Toolset for Nonlinear Prediction of Woven Ceramic Matrix Composite Material Performance
Navy SBIR FY2014.1

Sol No.: Navy SBIR FY2014.1
Topic No.: N141-082
Topic Title: Toolset for Nonlinear Prediction of Woven Ceramic Matrix Composite Material Performance
Proposal No.: N141-082-0019
Firm: ATA Engineering, Inc
13290 Evening Creek Drive South
Suite 250
San Diego, California 92128-4695
Contact: Shane Flores
Phone: (310) 341-0387
Web Site:
Abstract: ATA Engineering, Inc., proposes to develop improved nonlinear material behavior models for the design of 2D and 3D woven carbon/carbon (C/C) composite thermal protection system (TPS) components. The objective of this work is to enable efficient design of 3D C/C composite TPS components and decrease the costs associated with developing new C/C composite materials. ATA's approach combines (1) probabilistic MCMC simulation to autonomously identify constituent and interface parameters for the material models that correlate to test data most accurately, (2) a GUI for unit cell design allowing rapid trade studies based on a micromechanics approach, also to serve as a preprocessor for the Abaqus coupled thermal-stress simulations, (3) a refined and efficient physics-based FEA of C/C unit cells that accounts for details of fiber, matrix, and interface behavior, using Abaqus to simulate the nonlinear response of woven composites subject to steady-state and transient pressure and thermal loads, and (4) stochastic Monte Carlo simulation to address variability in material properties and unit cell topology. Phase I will focus on demonstrating the feasibility of the proposed approach by aiming to simulate the response of a woven C/C unit cell under the conditions of a standard thermal shock test.

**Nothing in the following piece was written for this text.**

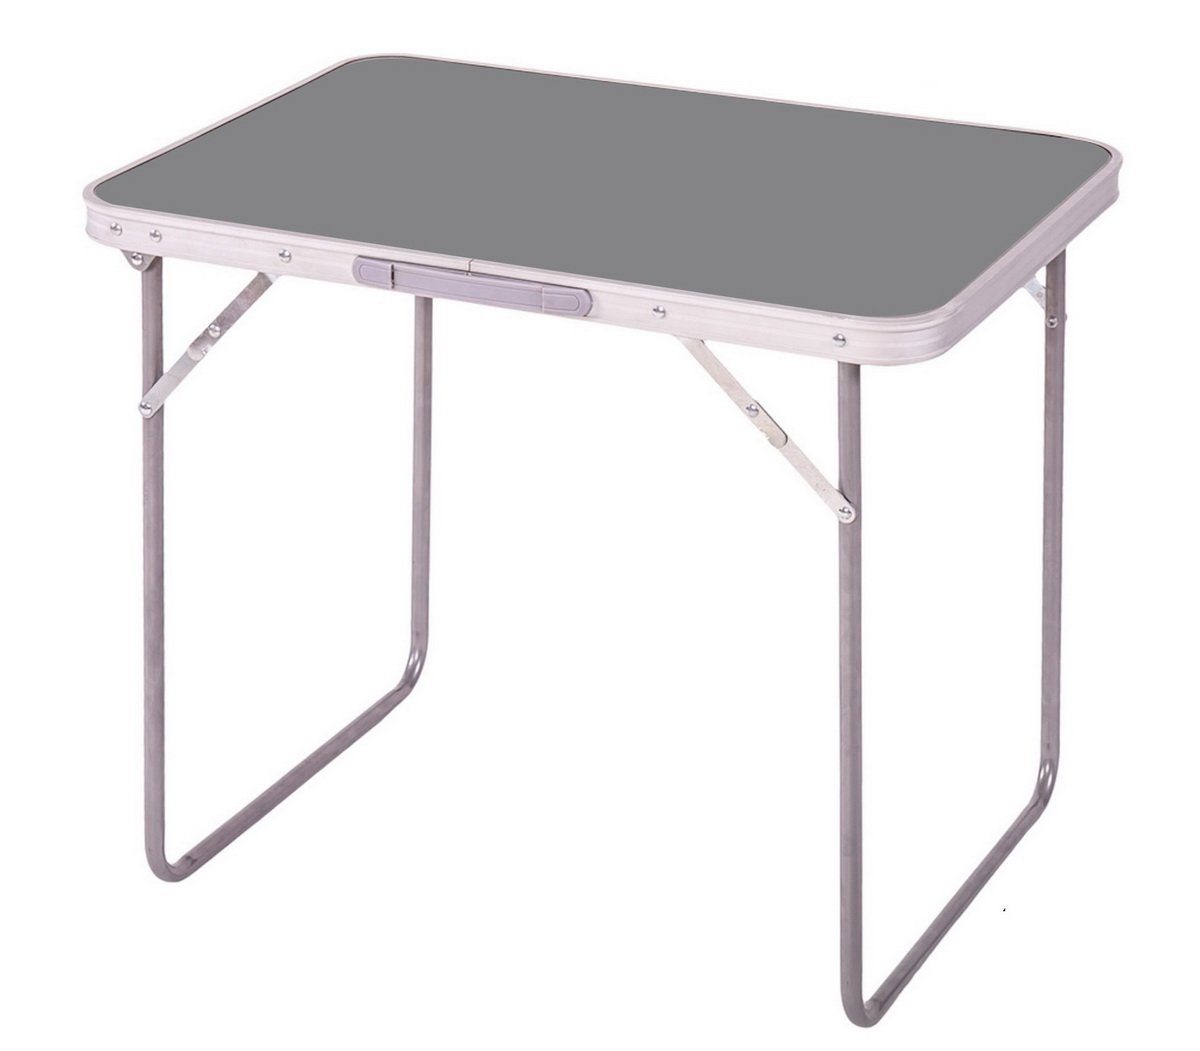 Camping-Tisch grau klappbarer Sunnydays Partytisch Picknicktisch Campingtisch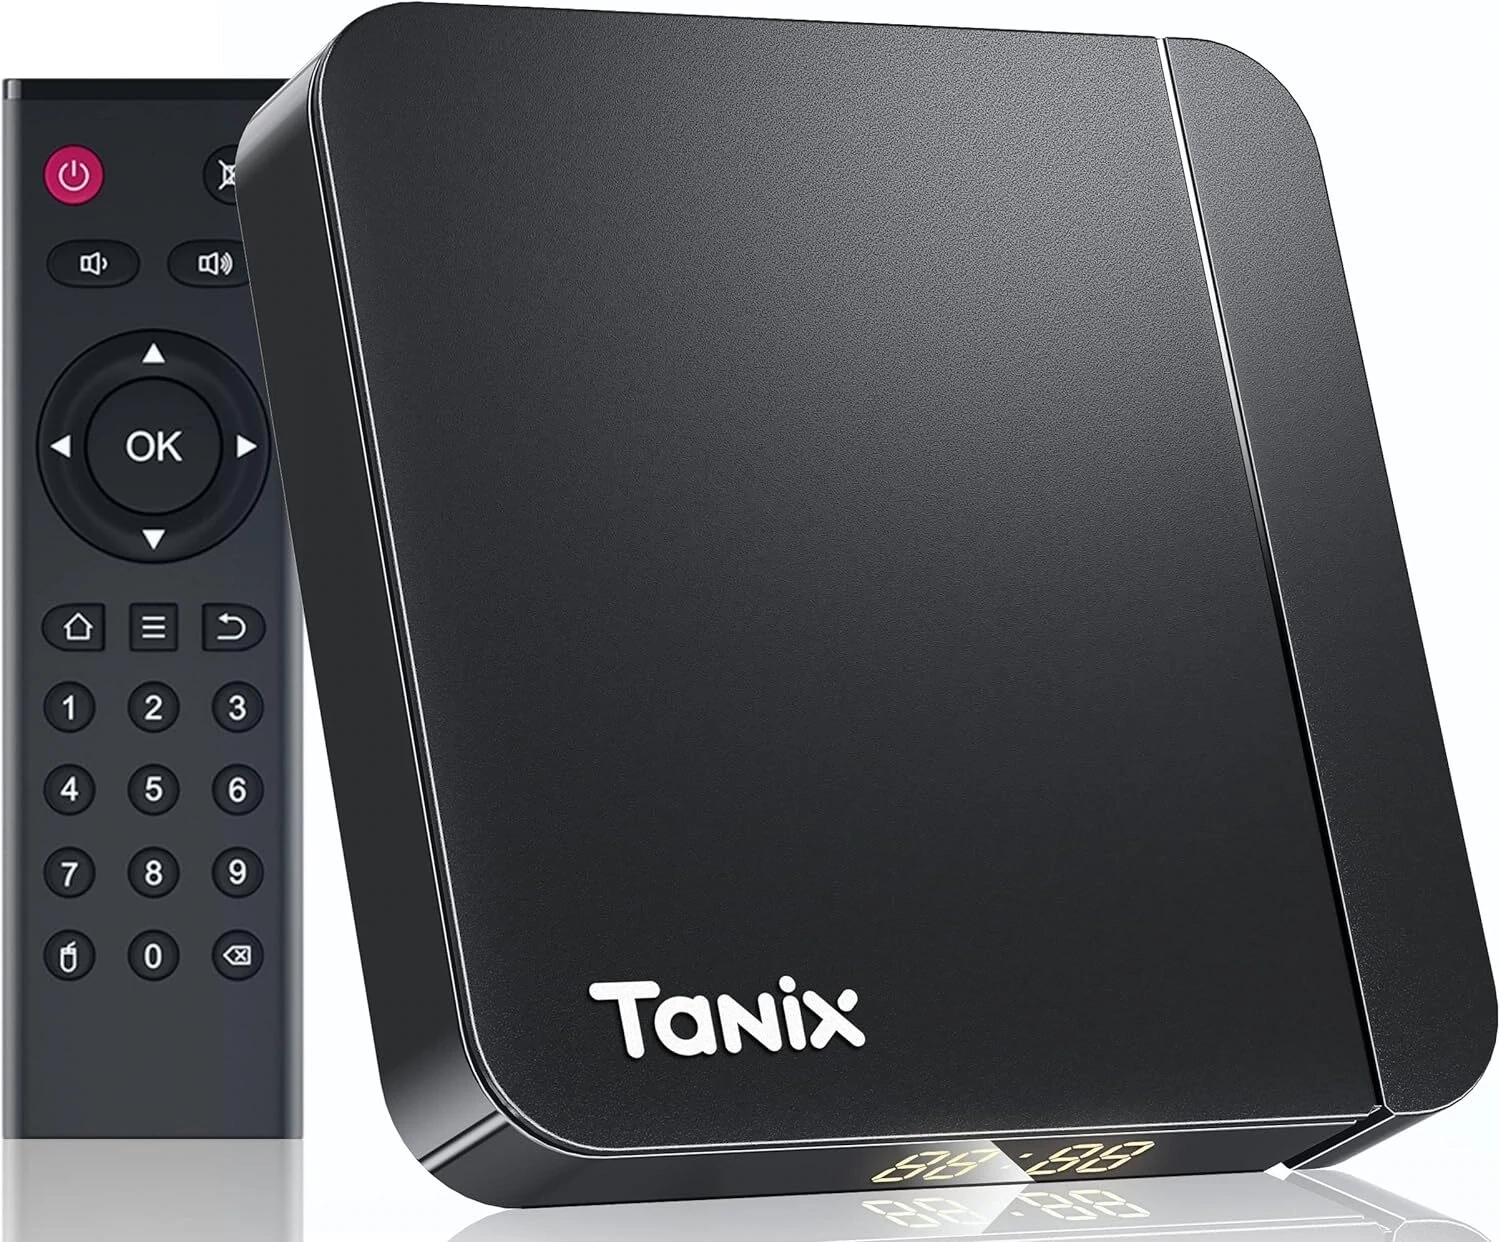 Tanix Android TV Box 11.0, Android 11 TV Box 4GB RAM 32GB ROM AV1 6K/4K 3D USB 3.0 BT 5.0 Amlogic S905W2 Quad Core 64 Bits

Benefits: The envisioned product is a holistic tool that is integrated as a module or extension for existing computer-aided engineering (CAE) software tools across the aerospace, electronic packaging, automotive, and nuclear energy industries. While making up a diverse portfolio including applications for missile nose tips, hypersonic aircraft leading edges, and even brake rotors for Formula 1 race cars, products in these sectors all experience severe transient thermal environments. This thermal loading commonly results in progressive damage and material non-linearity that must be adequately characterized to accurately predict the performance of the constituent composite materials and the system's structural performance. The proposed framework for improved material property, behavior, and failure mode prediction will speed time-to-market of new and innovative materials across these industries.